### Exercise objective
From the first line to the last, copy the material exactly and leave the pictures out.

### The data
************
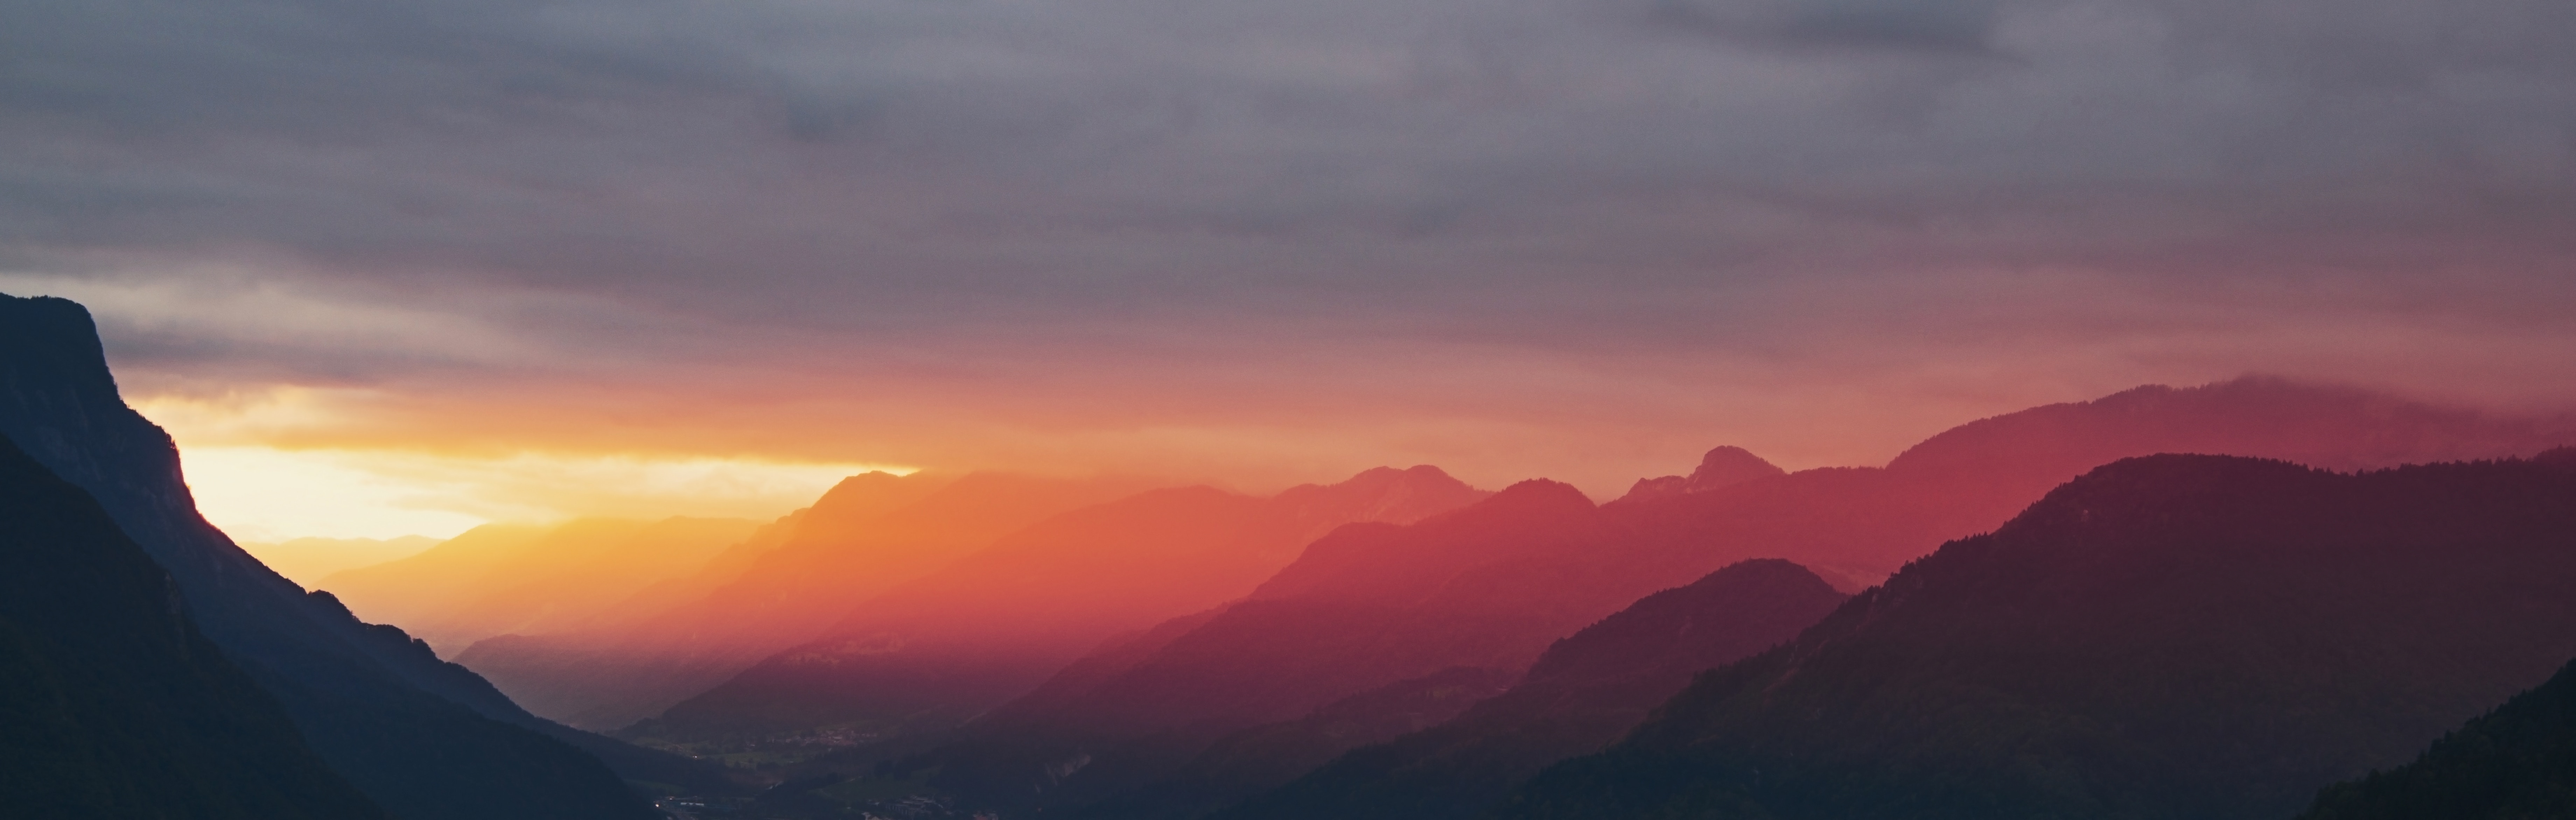 sunrise beside a mountain ridge red hues
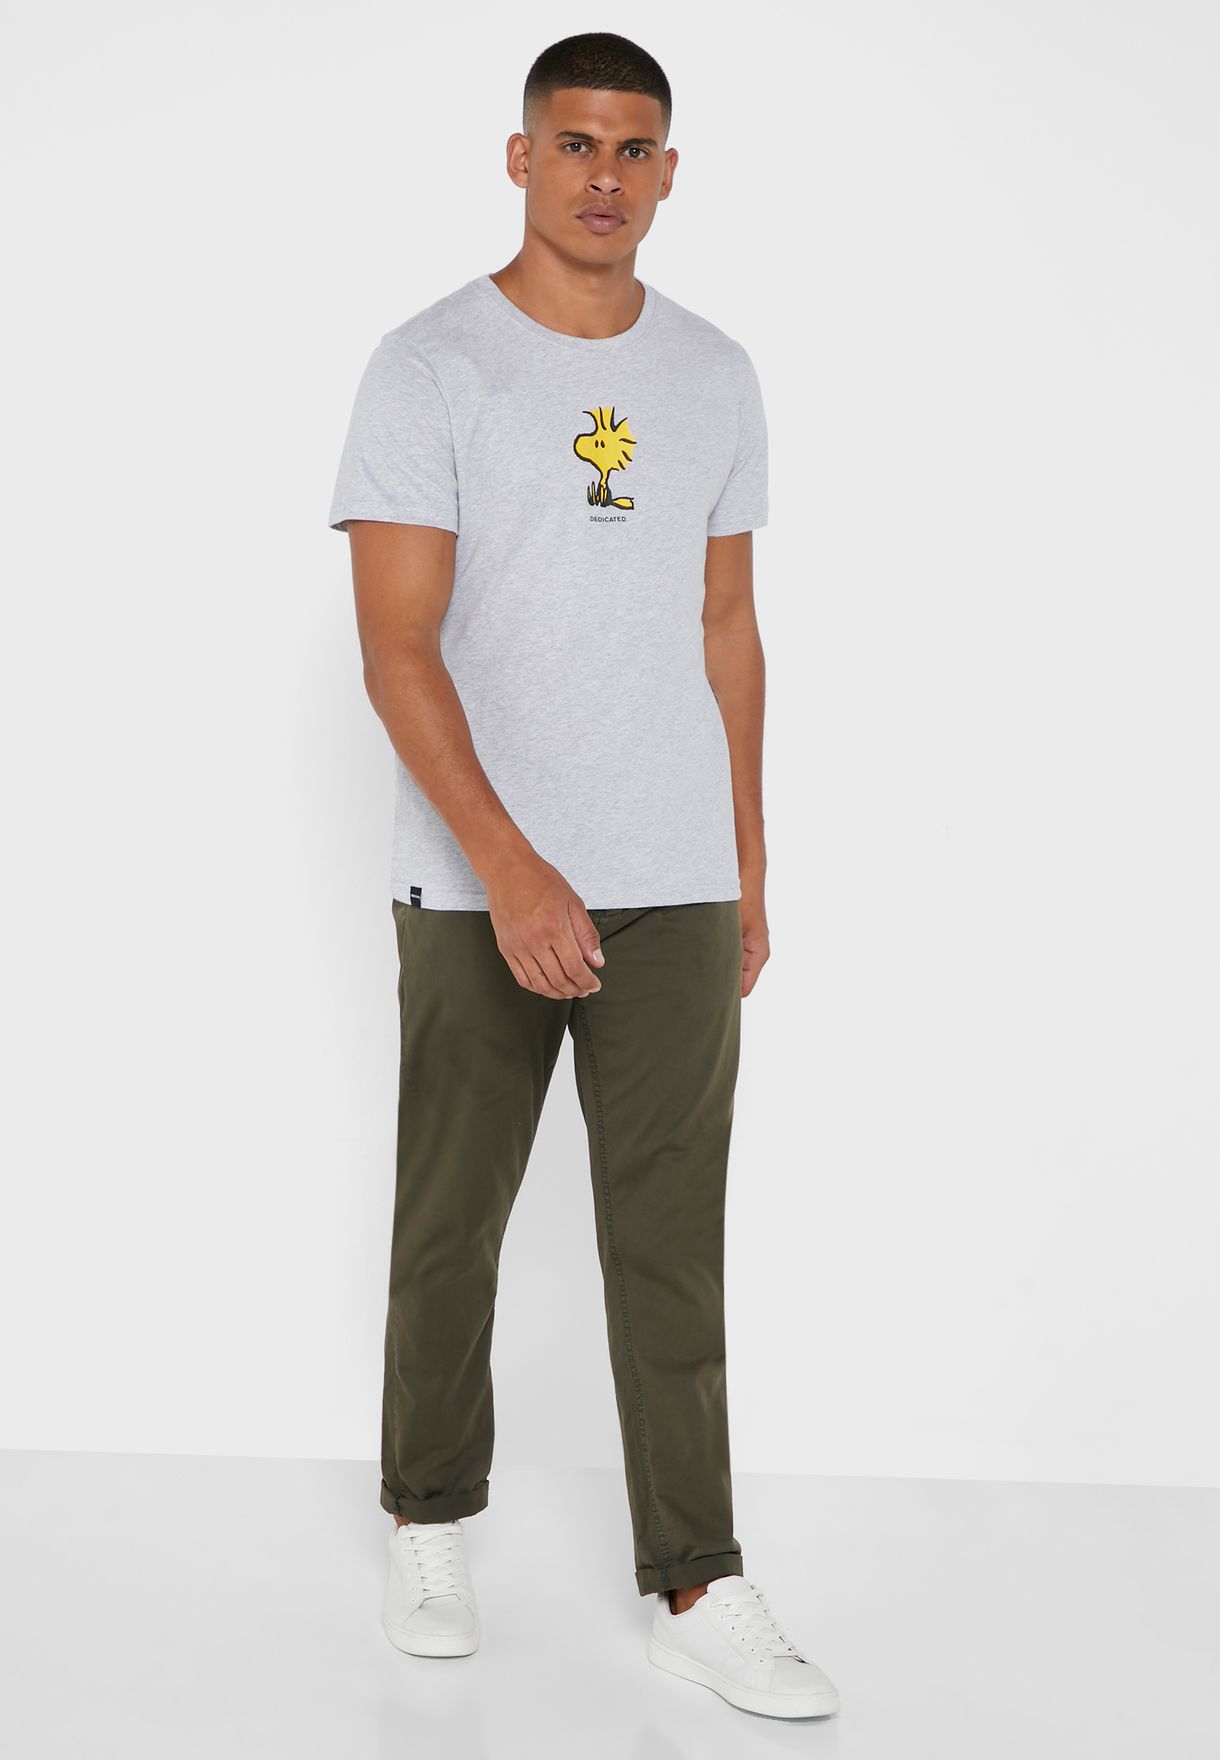 Stockholm Woodstock Crew Neck T-Shirt
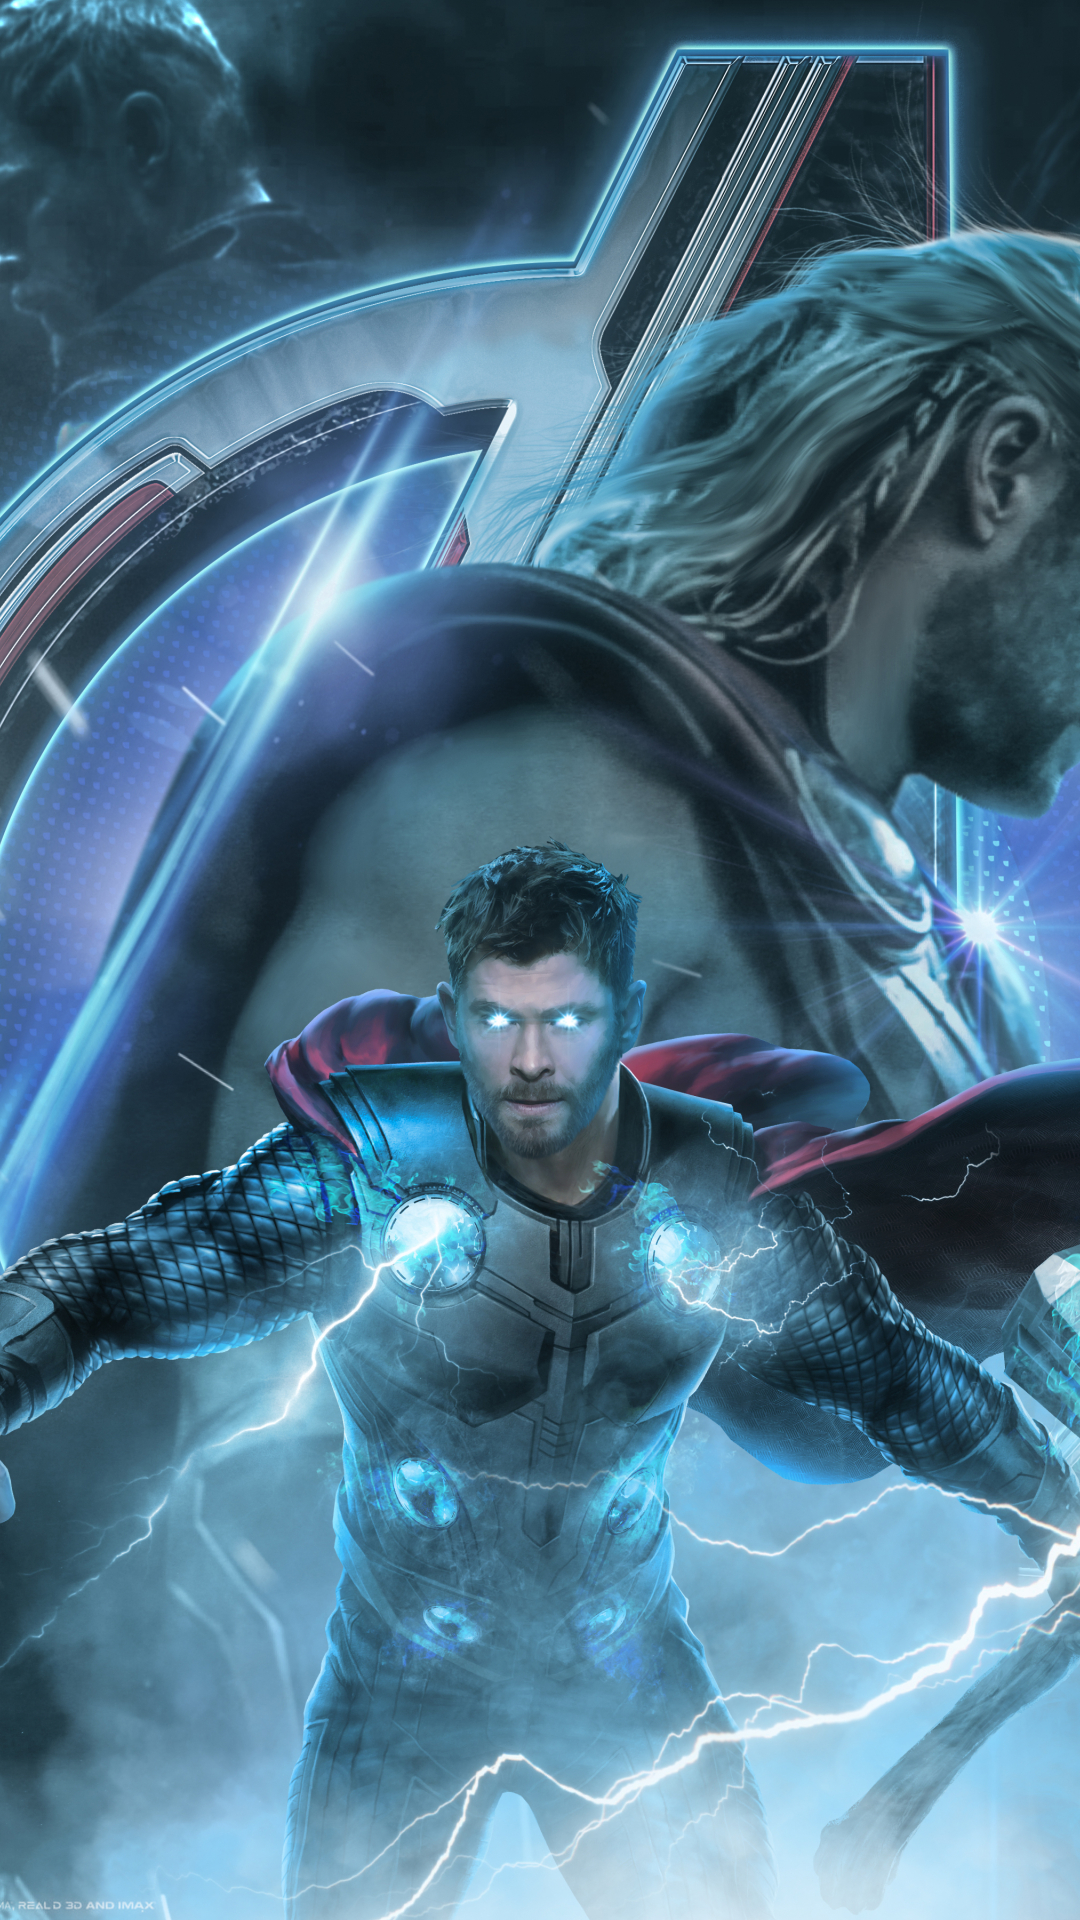 1080x1920 Avengers  Endgame  Thor Poster Artwork Iphone 7
************
### Result of the task
 sunrise beside a mountain ridge red hues
 Stockholm Woodstock Crew Neck T-Shirt
 1080x1920 Avengers  Endgame  Thor Poster Artwork Iphone 7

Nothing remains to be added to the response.